Command-line backup for VMWare Fusion Virtual Machines

If you have a bunch of VMWare Fusion virtual machines running, you can suspend them programmatically using vmrun and rsync them to a mounted volume. Then, with the copy completed, you can resume the virtual machines.

#!/bin/bash

BACKUPDIR=/Volumes/Backup/VMs

/Library/Application\ Support/VMware\ Fusion/vmrun list | tail -n +2 | while read VM
do
  echo "Suspending $VM"
  time /Library/Application\ Support/VMware\ Fusion/vmrun -T fusion suspend "$VM"
  echo "Suspended $VM"
  
  DIR=`dirname "$VM"`
  echo "Rsyncing $DIR"
  rsync -av "$DIR" "$BACKUPDIR"
 
  echo "Resuming $VM"
  time /Library/Application\ Support/VMware\ Fusion/vmrun -T fusion start "$VM"
  echo "Resumed $VM"
done

Note: this hung on Windows VMs until I updated VMWare Tools to the latest version on the guest. The above is currently working on Fusion 3.1 for RHEL5 and Windows 2008 R2 Server guests.

[ Submitted by John on Tue, 2010-06-08 14:28. | | ]

Solution to 100% CPU Usage by Linux Guest on VMWare Fusion

As part of my testing setup, I have an Intel Mac Pro with Mac OS X 10.6 Server (which runs with the 64-bit kernel) on which I run VMWare Fusion 3.0.1 and several Red Hat virtual machines.
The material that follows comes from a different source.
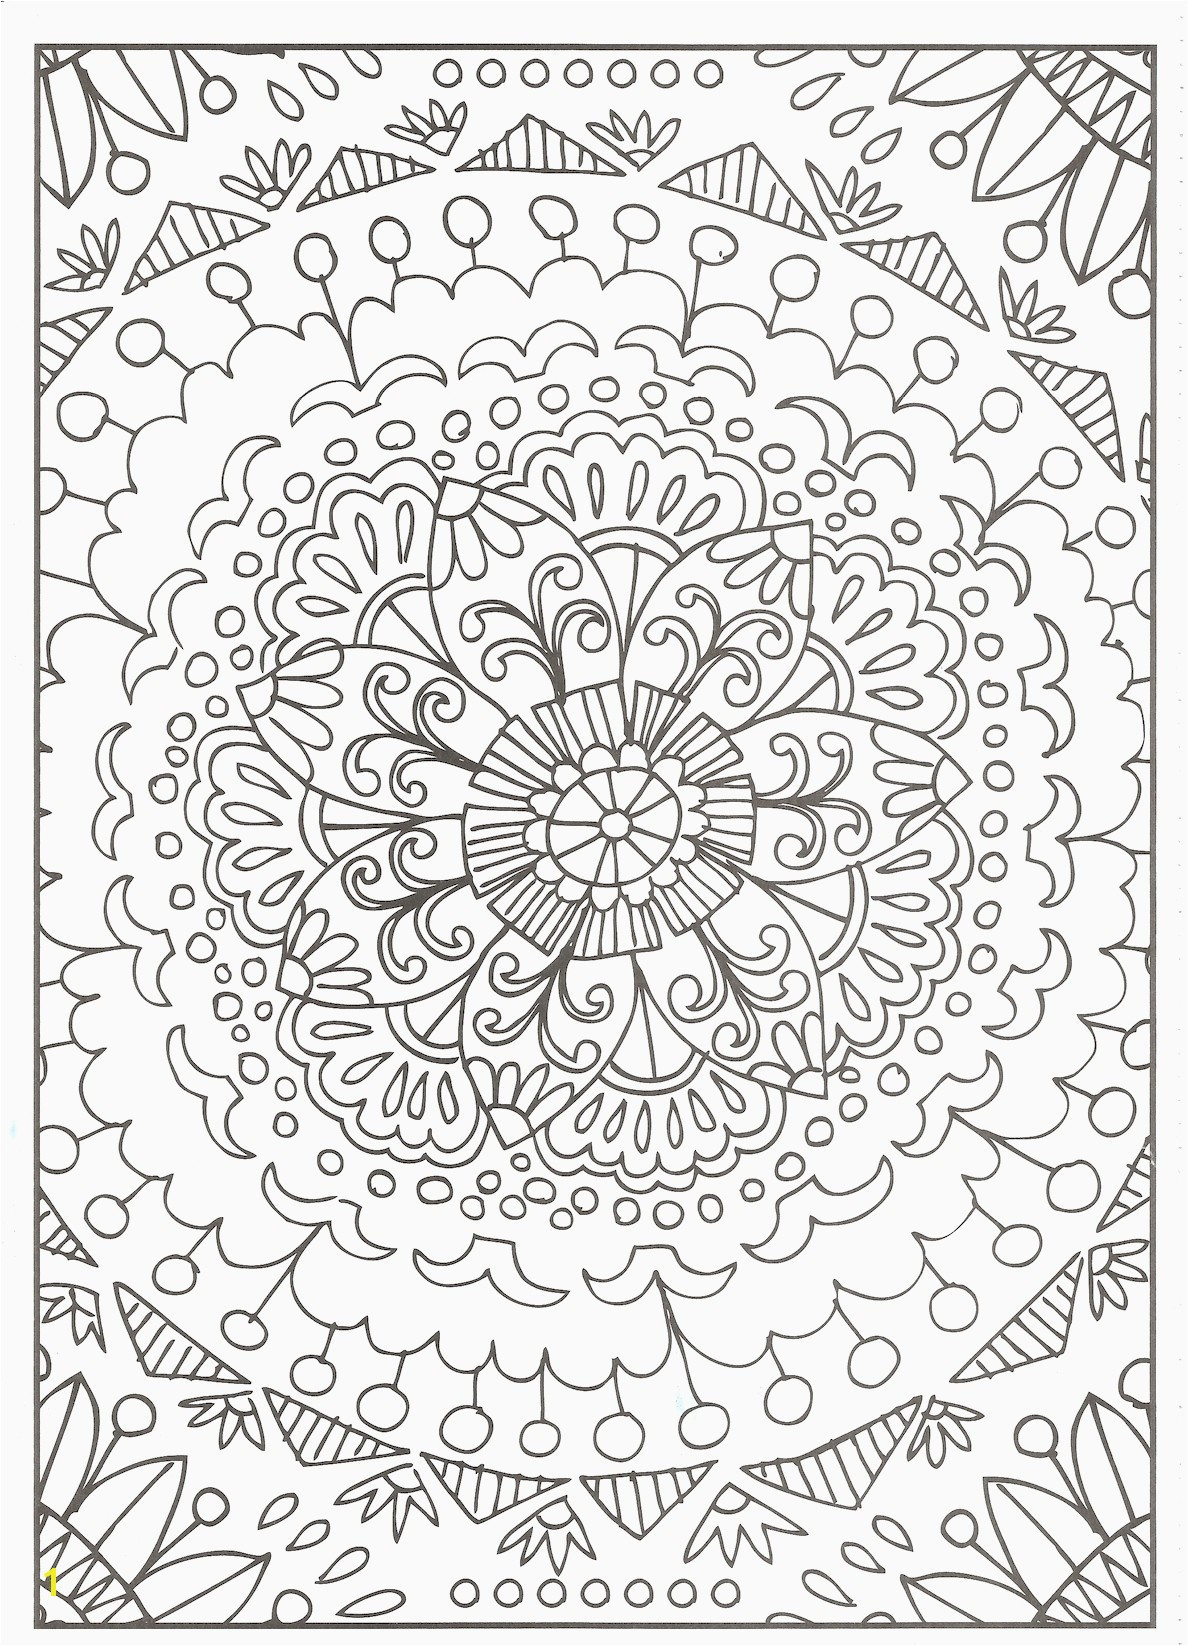 12 Famous Picture Of A Flower Vase to Color 2024 free download picture of a flower vase to color of flower images coloring pages zabelyesayan com inside cool vases flower vase coloring page pages flowers in a top i 0d

I noticed that even at idle, each VM was taking up a high amount (like 100%!) of a CPU core. Additionally, on one VM top was displaying in near-real-time, which was kind of neat but I doubt the intended behavior. Because of this, I suspected the time management in the kernel was off.

Sure enough, Timekeeping Best Practices for Linux Guests has some hints, and for more information than you'll ever want, try Timekeeping in VMWare Virtual Machines (I was particularly interested in the Clocksource Kernels section).

Making the following modification to /etc/grub.conf on RHEL5 brought my CPU usage down from 100% to barely noticeable:

Before:

kernel /vmlinuz-2.6.18-164.11.1.el5 ro root=/dev/VolGroup00/LogVol00 rhgb quiet

After:

kernel /vmlinuz-2.6.18-164.11.1.el5 ro root=/dev/VolGroup00/LogVol00 rhgb divider=10

I took out quiet because I like to see what's happening when the system boots.

The Note on RHEL 5.4 or CentOS and divider=10 mentions that you do not need this for RHEL 5.4 for accurate timekeeping, but you do need it to prevent the excessive CPU use.

I also modified /etc/ntp.conf as described in the above article, adding

tinker panic 0

to the top of the file and commenting out the following lines:

# Undisciplined Local Clock. This is a fake driver intended for backup
# and when no outside source of synchronized time is available.
#server 127.127.1.0
#fudge 127.127.1.0 stratum 10

My VMs are down from 100 percent CPU use to practically zero. Think of the energy savings!